Health promotion for those with disabilities |

Health promotion for those with disabilities

Nancy Whitelaw

— The health benefits of an active lifestyle that includes moderate amounts of medium to vigorous physical activity on a regular basis have been detailed in the accompanying article. Unfortunately, the vast majority of people with physical and cognitive disabilities are not obtaining the recommended amount of physical activity needed to confer health benefits and prevent secondary conditions associated with a sedentary lifestyle (e.g., heart disease, obesity and osteoporosis).

While there is a substantial body of literature on health promotion for the general population and for people with chronic diseases such as diabetes, arthritis and asthma, the vast majority of these programs have not been tailored to meet the specific needs of people with physical and/or cognitive disabilities. Secondary conditions resulting from a physical or cognitive impairment, such as paralysis, weakness, fatigue, spasticity, decreased cognition and maladaptive behavior, often require certain adaptations to various health promotion interventions to assure successful integration and outcomes.

A primary focus of health promotion for people with disabilities is the prevention or reduction of secondary conditions associated with the primary impairment. The impact of secondary conditions on the lives of people with physical disabilities has resulted in an increase in the severity of disability and has eroded participation in community activities. Innovative strategies for improving health, preventing complications associated with the disabling condition and adequately preparing individuals with physical or cognitive disabilities to understand and monitor their own health have emerged as an important public health priority.

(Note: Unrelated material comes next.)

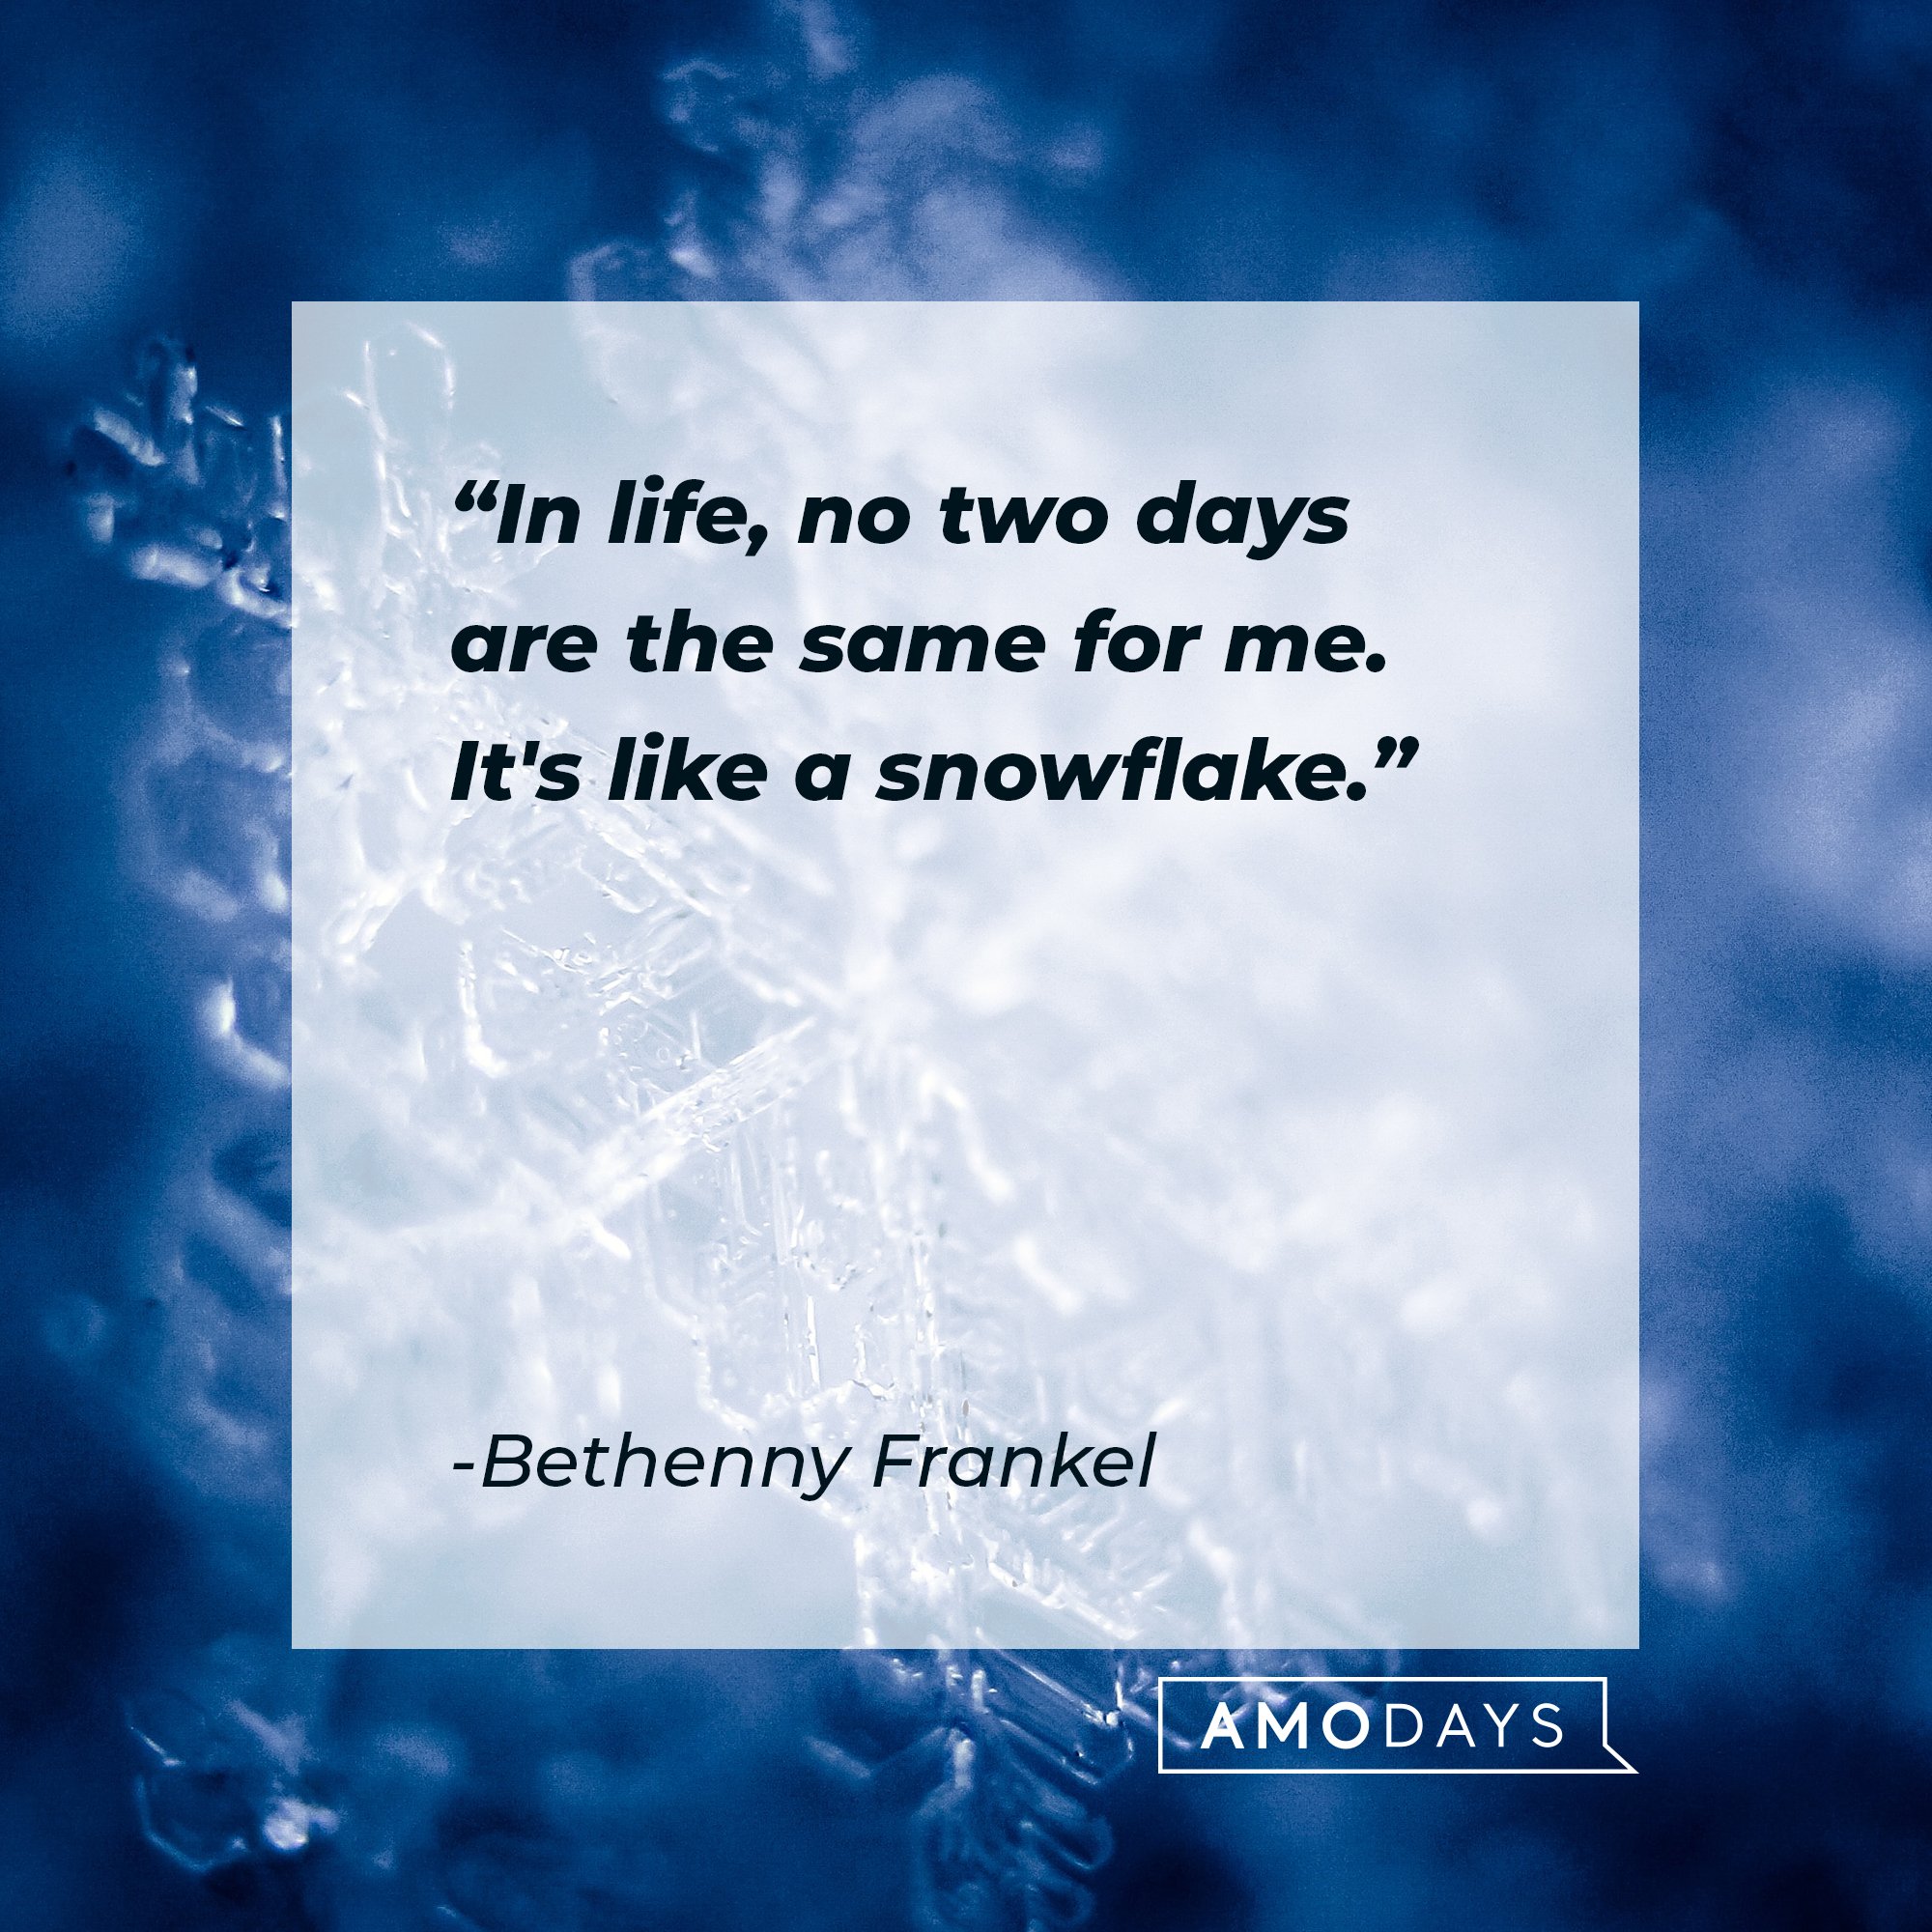 Bethenny Frankel’s quote: "In life, no two days are the same for me. It's like a snowflake." | Image: AmoDays

Guidelines and strategies for achieving successful outcomes for people with physical and cognitive disabilities must be tailored to the specific secondary conditions that are associated with the person’s primary impairment. With advances in technology, use of the Internet and distance learning education, information about health promotion for people with physical and cognitive disabilities will become increasingly available to health professionals and should result in higher-quality programming for people with physical and cognitive disabilities.